Ces postes sont à la fois fortement susceptibles d'être infectés, et délicats car pouvant bloquer le pouvoir décisionnel. Il convient donc qu'un arbitrage soit demandé pour le port des risques :

- les serveurs bureautiques : traitement identique aux postes bureautiques ;
- les serveurs applicatifs : qualification forte avant déploiement, comme les postes métier.

Dans une optique de gouvernance par les risques, il semble apparaître une nécessité d'arbitrage :

- déployer au plus tôt sur le parc des signatures antivirales pour se protéger au mieux de l'infection virale tout en prenant le risque d'impacter le SI (métiers, et décideurs) ;
- respecter des phases fortes de qualification, tests sur sites pilotes, avant déploiement de signatures = risque moindre de casser l'outil métier, mais avec un risque viral important.

Néanmoins, il n'est pas nouveau que sensibiliser les projets, les métiers, à la nécessité de prendre en compte la sécurité, reste une tâche de longue haleine, au quotidien. De plus, faire comprendre la nécessité d'assurer une couverture antivirale globale du SI n'est pas encore acquise.

Cependant, suite à ce type d'incident, les métiers pourraient être bien plus réticents à suivre les préconisations sécurité sur leur périmètre (tant que ça marche, l'on ne se posera pas de question, notamment pas concernant la sécurité...). C'est un réel problème que les équipes sécurité auront certainement à gérer dans un proche avenir.

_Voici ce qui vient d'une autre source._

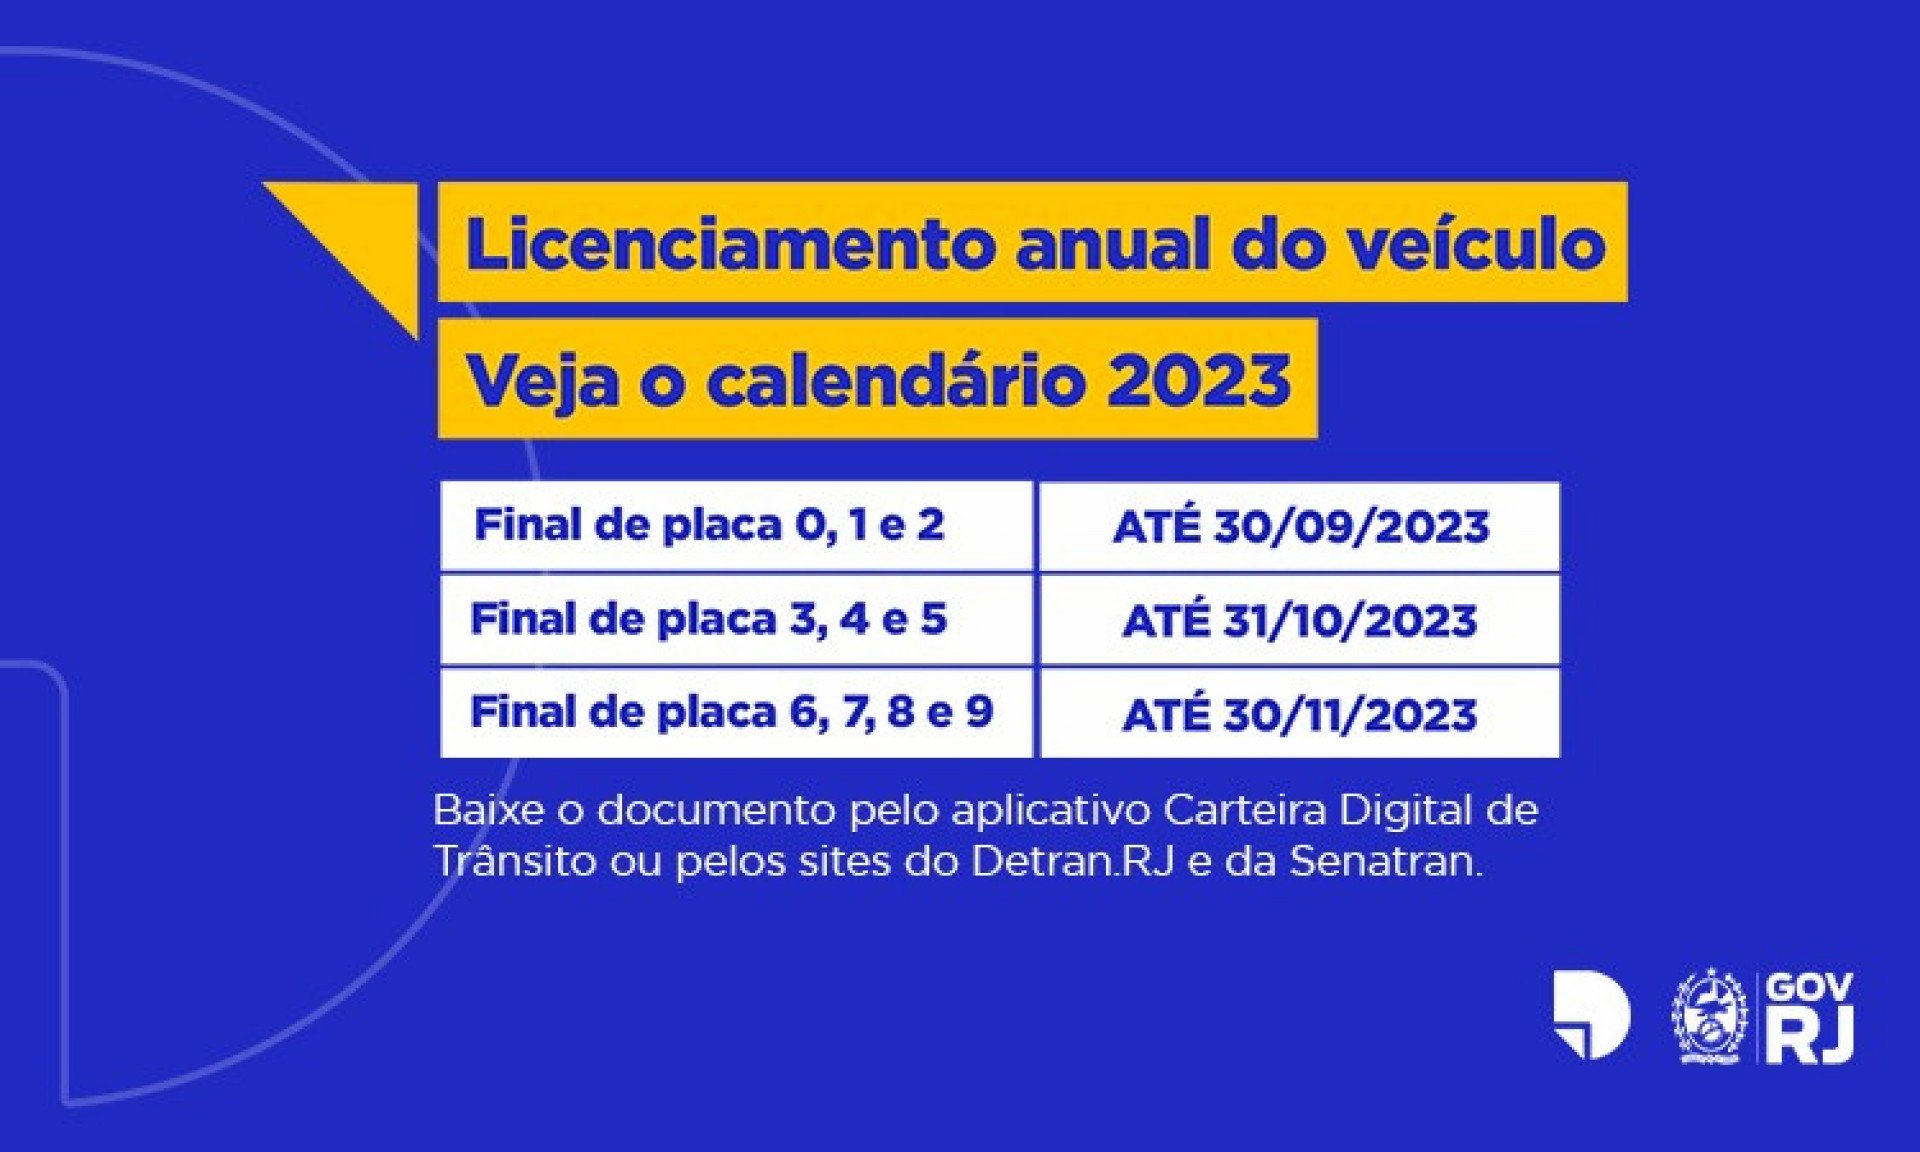 Calendário do Dentra-RJ para licenciamento de 2023 - Alexandre Simonini/Detran-RJ

Au final, il ressort que les éditeurs antivirus ont de réelles responsabilités sur l'évolution du niveau de sécurité SI en entreprise. Ne pas avoir identifié un faux positif sur un système Windows standard ne paraît totalement pas envisageable.

La seule barrière contre la catastrophe reste la qualification interne des mises à jour, qui nécessite des ressources comme on l'a vu plus haut. Or, il semble que nombre d'entreprises n'ont pas les budgets pour avoir des experts (ePO, VSE...) à plein temps, et les dernières signatures antivirales partent directement en diffusion sur le SI. Il est tout de même inquiétant que les dommages annoncés sur Internet soient assez globaux, et que même des corps de métier sensibles comme le médical aient semble-t-il été impactés.

Espérons tout de même que la lutte antivirale ne soit pas la première victime de cet incident. Sans quoi, certains milieux malveillants verraient leur tâche grandement facilitée. Au final, cela resterait les entreprises - et les particuliers - qui le paieraient.